Guide · 7 min read

Markdown chunking for LLMs — a practical guide

Published 2026-06-09 · By the DocDigest team

You converted your PDFs to Markdown. Now what? Whether you're building a RAG pipeline, generating embeddings, or pasting context into Claude or GPT-4o, how you split that Markdown matters — often more than the model you pick.

Why chunk Markdown at all?

Three reasons: context windows (even Gemini's 1M token window costs money per token), retrieval quality (embeddings work best on focused, single-topic passages), and attention dilution (long contexts measurably reduce model precision on the "needle-in-haystack" middle).
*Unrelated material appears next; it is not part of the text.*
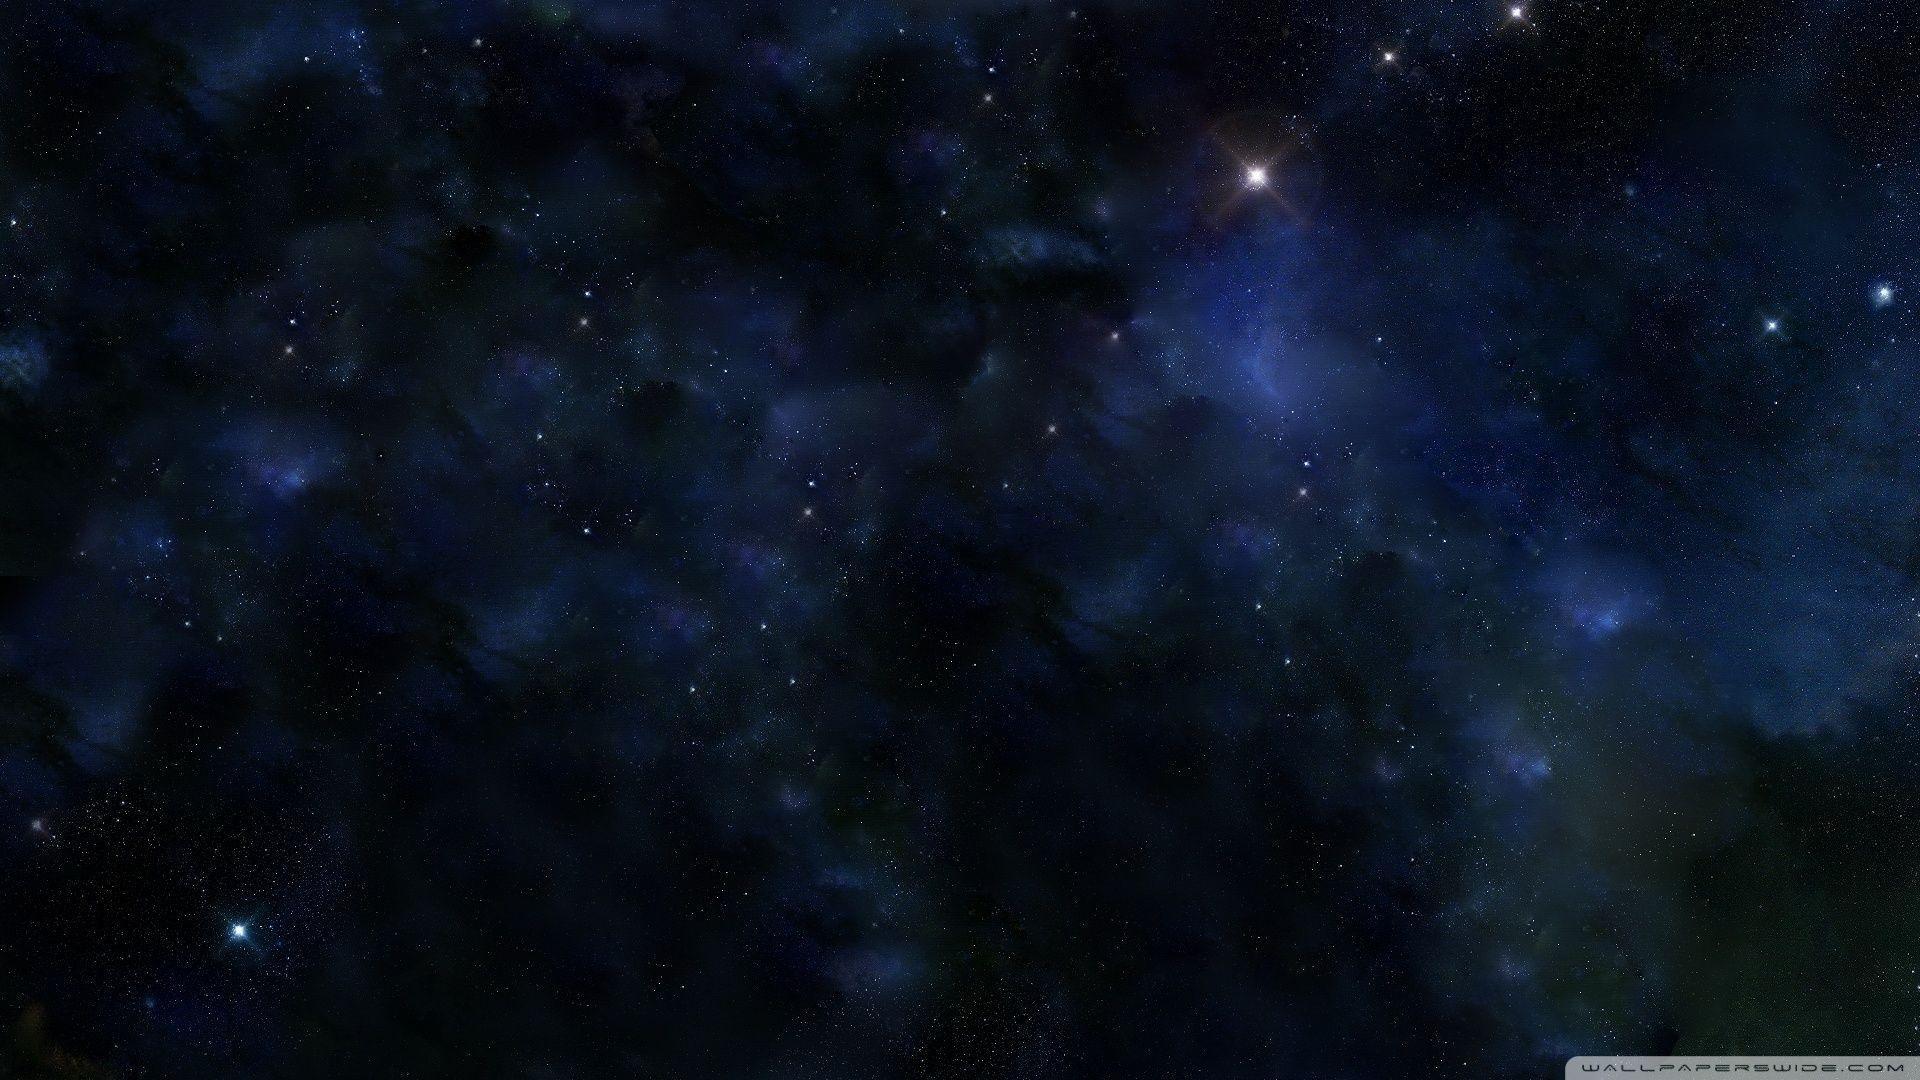 Deep Space Wallpaper 1920x1080 66 Images

Strategy 1: Fixed-size chunking

Split every N tokens (commonly 512 or 1024) with a 10–20% overlap. Simple, fast, framework-agnostic. The downside: it slices through headings, code blocks, and tables — destroying exactly the structure that made Markdown useful in the first place.

Strategy 2: Heading-based chunking

Split at ## boundaries (or ### for finer granularity). Each chunk becomes a semantically coherent section. Pair this with a max-token cap so a runaway section gets sub-split. This is the default we recommend in DocDigest.

Strategy 3: Recursive structural split

LangChain's RecursiveCharacterTextSplitter with Markdown separators tries headings first, then paragraphs, then sentences, then characters. Robust default for mixed-quality inputs.

Pitfalls to avoid

  • Splitting tables mid-row. Markdown tables become garbage if cut between rows. Always treat tables as atomic blocks.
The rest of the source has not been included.